The page also doesn't list what possible commands are then blocked. Locks interact in subtle (and incorrectly named!) ways that are explained in the tables on that page ("Conflicting lock modes"), so to understand if something will block something else you have to look at the two commands you are curious about and then look at how their locks interact.

gulcin_xata•7mo ago
I agree, it is not so straightforward to find out.
braiamp•7mo ago
These are database locks, which means that depending which arrives first, the later transaction has to wait till the first one finishes to complete. These locks are about SQL commands and which commands can run concurrently with the others. There's a graph here of how that looks like https://pankrat.github.io/2015/django-migrations-without-dow...

Usually for maximum performance (minimum latency, maximum throughput) you want to have operations not lock each other, unless absolutely necessary, in which case you want them to be short.

whilenot-dev•7mo ago
You make it sound like the conflict is just affecting performance and won't result in a deadlock. So it's for performance aware postgres clients/users, and not for postgres developers?
andyferris•7mo ago
It is a guide for developers using postgres as a client, who need to write systems that don't deadlock, are performant and are correct. These are the (rather sharp) tools that postgres provides for doing so (or else you can use e.g. serializable isolation and optimistic concurrency, but in my experience that has too many false positives and bail out rather eagerly, whereas these tools let you be very precise and granular).
mebcitto•7mo ago
Other relevant talks/blogs that I found really useful for understanding Postgres locks are:

* Unlocking the Postgres Lock Manager by Bruce Momjian: https://momjian.us/main/writings/pgsql/locking.pdf

* Anatomy of table-level locks by Gulcin Yildirim Jelinek: https://xata.io/blog/anatomy-of-locks

pasxizeis•7mo ago
Shameless plug: I wrote a tool[1] that executes a given migration against a test database (e.g. in your CI) and reports back what locks it acquired.

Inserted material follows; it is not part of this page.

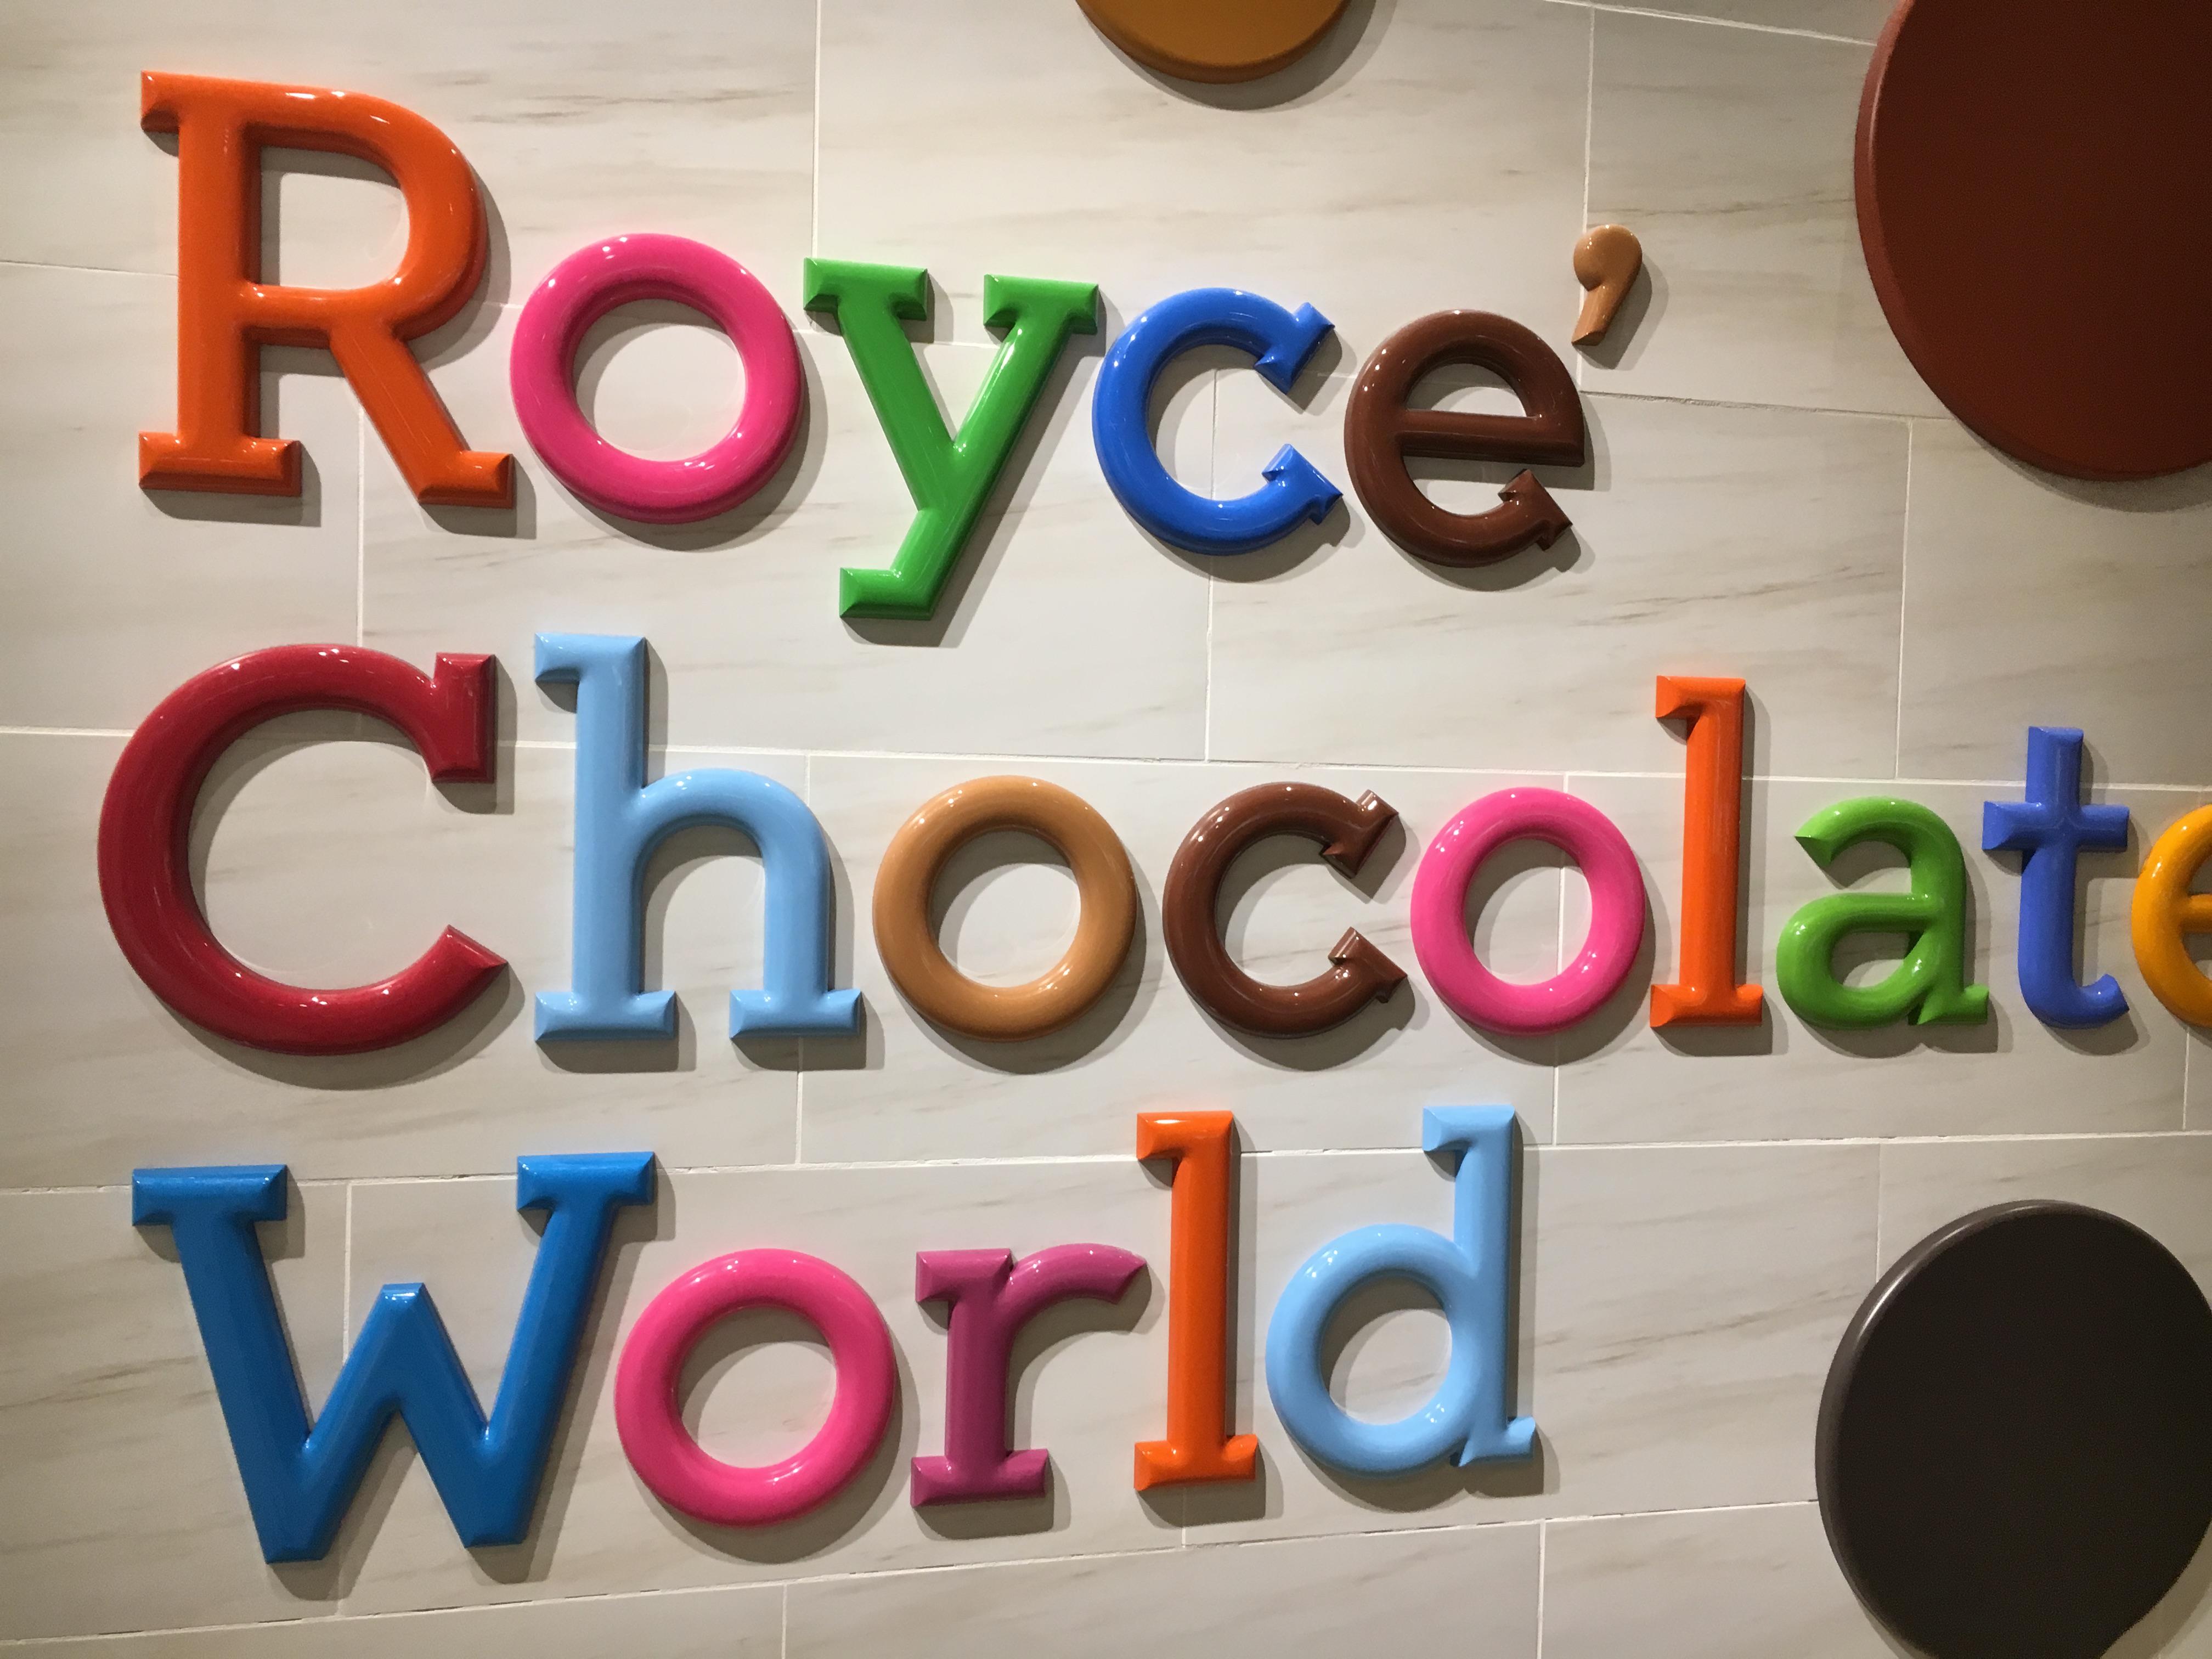 新千歳空港 ロイズチョコレートワールド。 ベーカリーの板チョコパンがすごい。

The rationale being to have a "lock diagnostics report" commented in your PR's migration file.

It's a prototype and has a few rough edges and missing functionality, but feedback is more than welcome.

[1] https://github.com/agis/pglockanalyze

jononor•7mo ago
Very practical! Locking is one of the things that can really bite when doing migrations.